An employer makes a job offer, the contract is signed (but not returned) and salary negotiations are underway. Suddenly, the company retracts the offer. Do verbal and written agreements constitute a solid deal? Two HR Zone members offer very different advice. Read on…
Kam Bains says the retraction is legal:
It seems doubtful that a binding contract has been formed. You have not formally accepted the offer of employment, and there is a lack of certainty over one of the major terms i.e. amount of salary. Given this, the new ’employer’ is able to lawfully revoke the job offer even though you have submitted your resignation and clearly intended to accept the new job.

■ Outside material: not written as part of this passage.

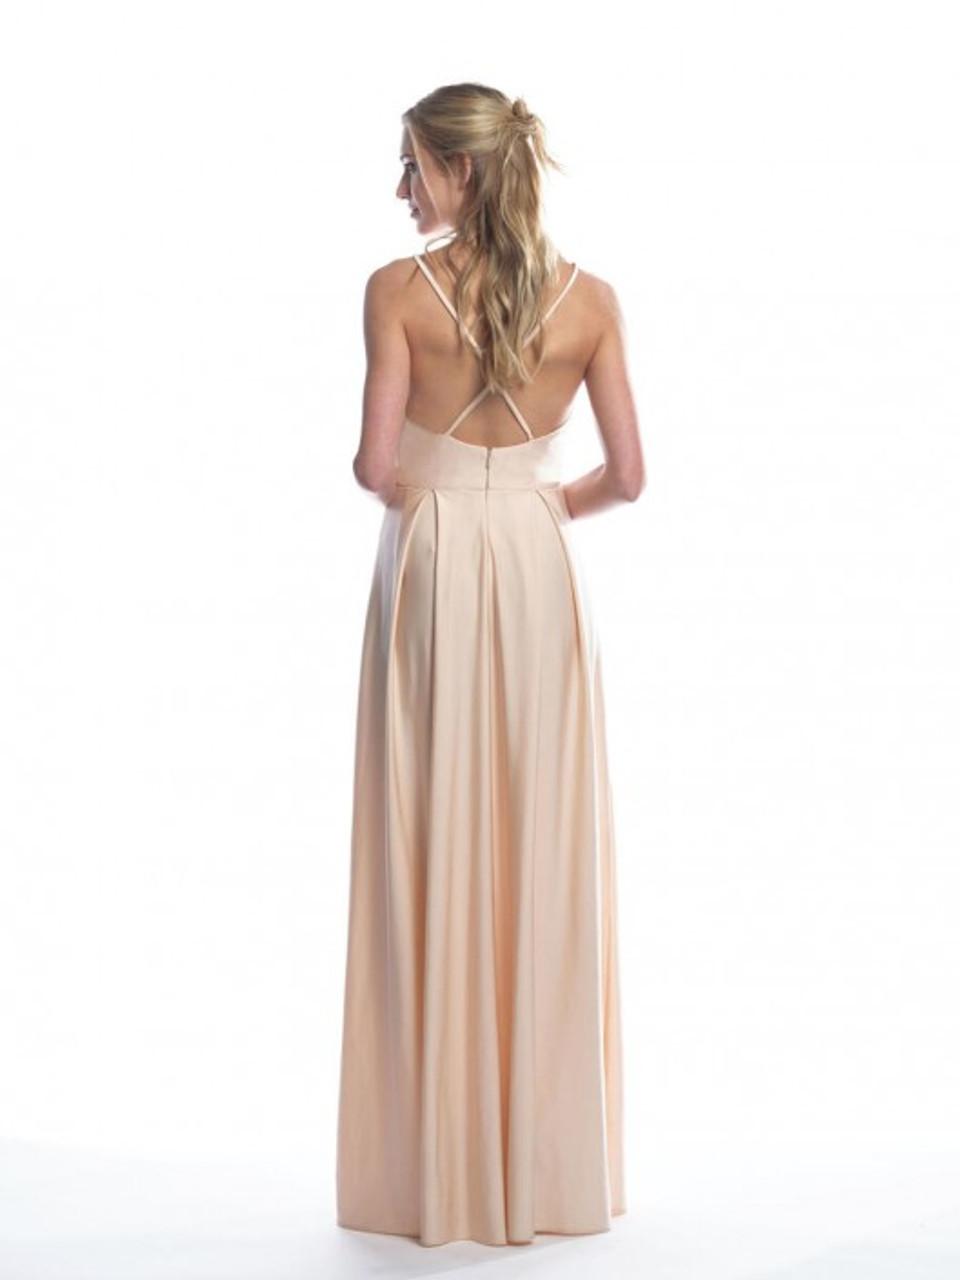 Bari Jay 2061 Slide Slit Bridesmaid Dress - Lux Stretch

If a binding contract has been formed, then withdrawing the job would amount to a breach of contract and you could take legal action to recover the financial losses flowing from that breach. However, the amount of damages you could recover would be very limited by virtue of the fact that your new employment, in theory, could be lawfully terminated by giving due notice after you had commenced working.
It seems that your best option is to try to retract your resignation from your current employer. However, they are under no obligation to allow that retraction.

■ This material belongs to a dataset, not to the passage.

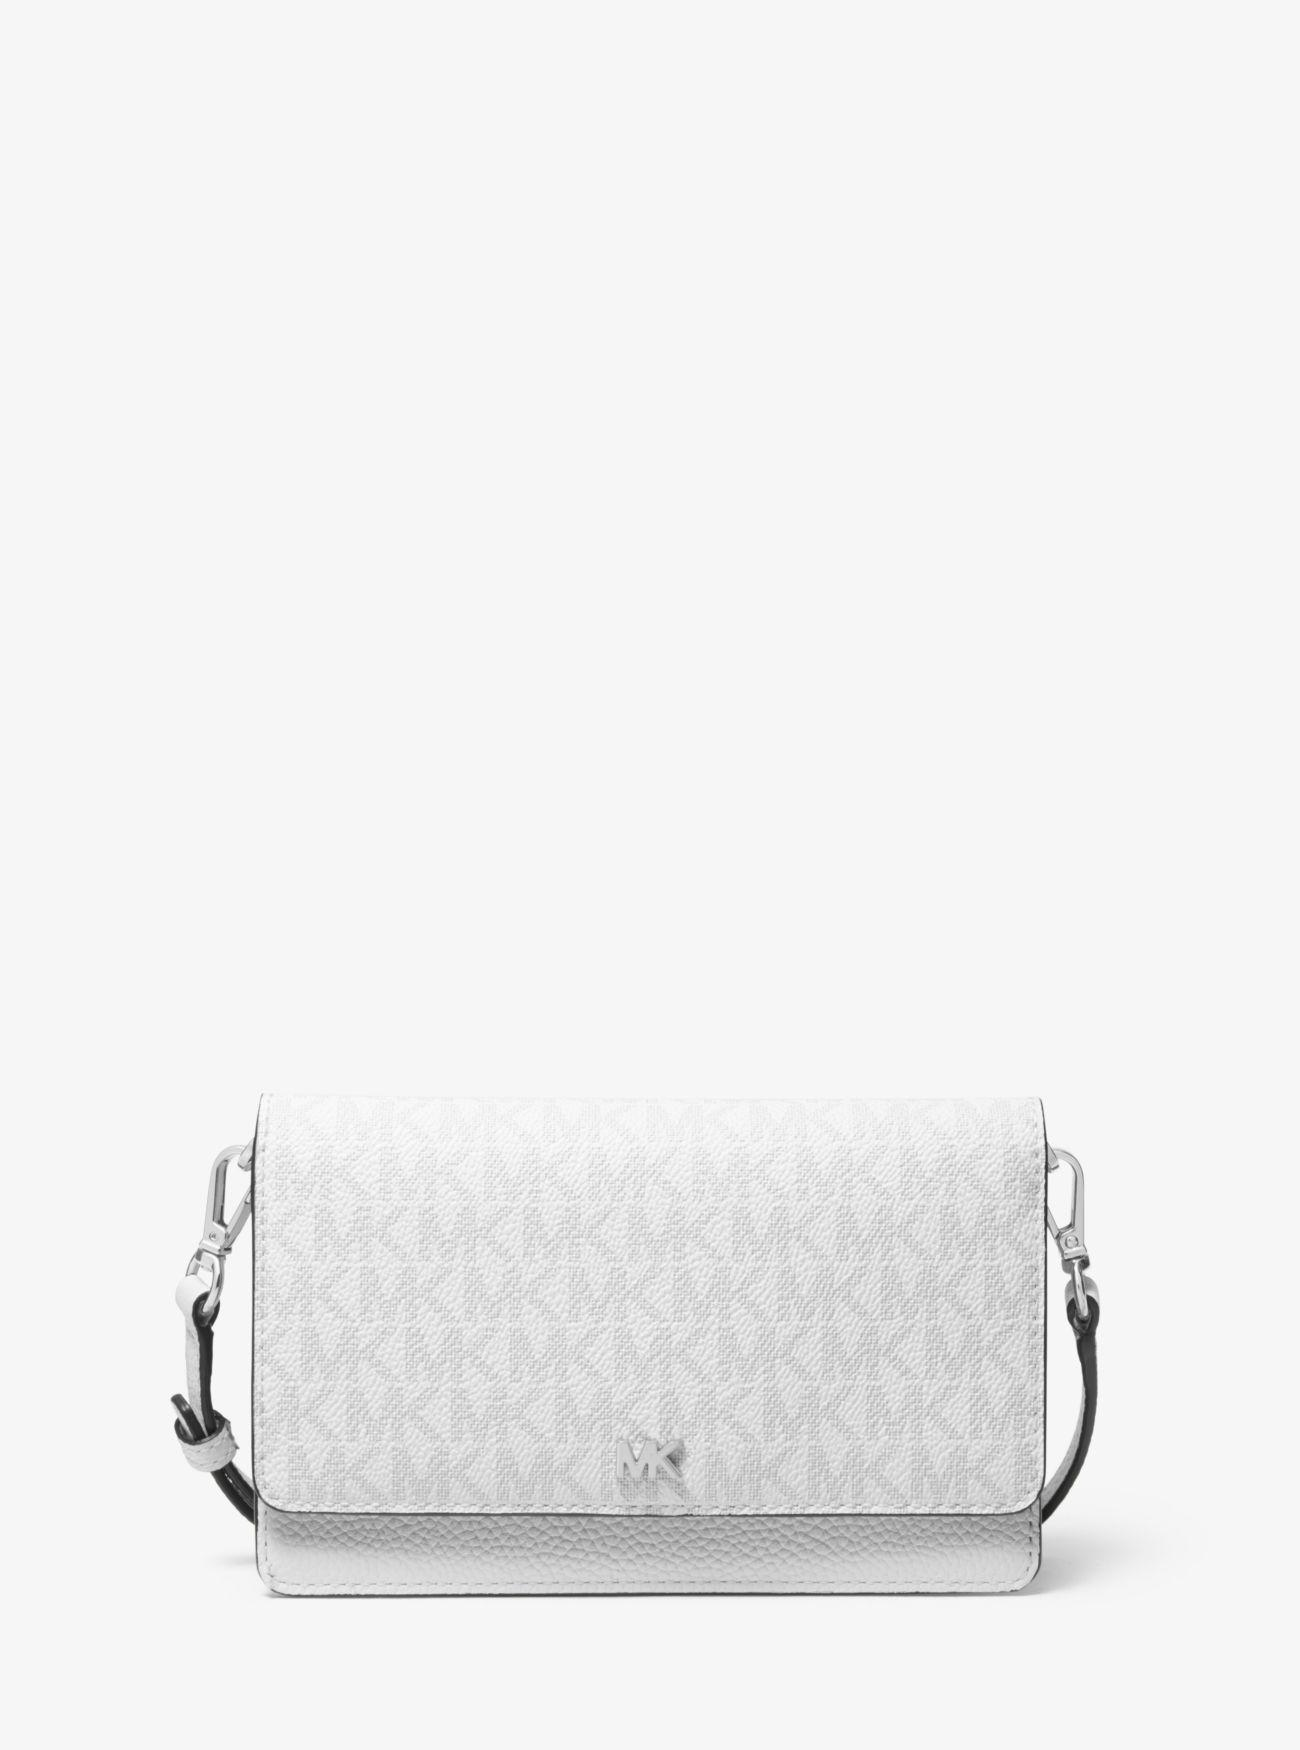 c097266e3a83 MICHAEL Michael Kors. Women's White Pebbled Leather And Logo Convertible  Crossbody Bag

Peter Stanway says the offer is a binding contract:
You have a binding contract if you emailed to accept the job and have resigned on the strength of it.
If you are still negotiating salary and have not signed the contract but this will be fact dependent and you certainly have an arguable case for a contract and loss resulting.
The extent of that loss is a grey area but there is a view that they would have been better off waiting for you to start and then following the notice provision rather than terminate before you start.
You need to mitigate your loss – try to persuade them to honour their offer, try to persuade your current employer to let you stay, and look for a new job (and keep proof).
***
View the original post:
Withdrawing an offer
***
3 Responses
Acceptance
The explanation of the situation does not state the employee accepted the offer. It appears to be a verbal conditional acceptance based on the salary being acceptable.
If we look at it from the employers point of view, if the acceptable salary expectations of the candidate were higher than the employer could afford, could they have sued the candidate for not starting to work for them by claiming they had a “contract”. I feel this is highly unlikely.
It could be acceptance was made, but the description clearly does not indicate anything other than a contract was signed but unreturned. Had it been signed and already in the post at the time of retraction I would agree that a contract was formed. By not returning it we can summise that the candidate was awaiting completion of negotiations to return the contract, knowing he/she could withdraw at any point.
Resignation from an existing job before negotiating a salary in the newly offered job was a risk the candidate took. We are not told if candidate made the employer aware of his/her resignation. They may not have been made aware as this would have disadvantaged the candidates salary negotiations.
Reading between the lines, the contract is likely to have contained a salary amount. It wouldn’t have been omitted or a space left blank for the candidate to fill in after successfull negotiations. My educated guess is that the candidate was holding on to the contract (therefore not accepting it) whilst trying to negotiate one with a higher salary.
From what information we are given, my opinion is – no contract.
Regards Steven
Legal position
My basic understanding of law is that for a contract you need both offer and acceptance. The paper contract being sent out is the offer, we are not told that acceptance took place.
An unreturned contract and negotiations over salary seem to point to the contract not been accepted by the potential employee at the time it was withdrawn.
It is a binding offer – but you can retract
Peter is right – a legal contract has already been entered to even though some details are still outstanding. Therefore, there could still be a claim for costs. However, the contract should include a notice period for terminating the contract so to mitigate any costs, the notice period should be given and paid in lieu.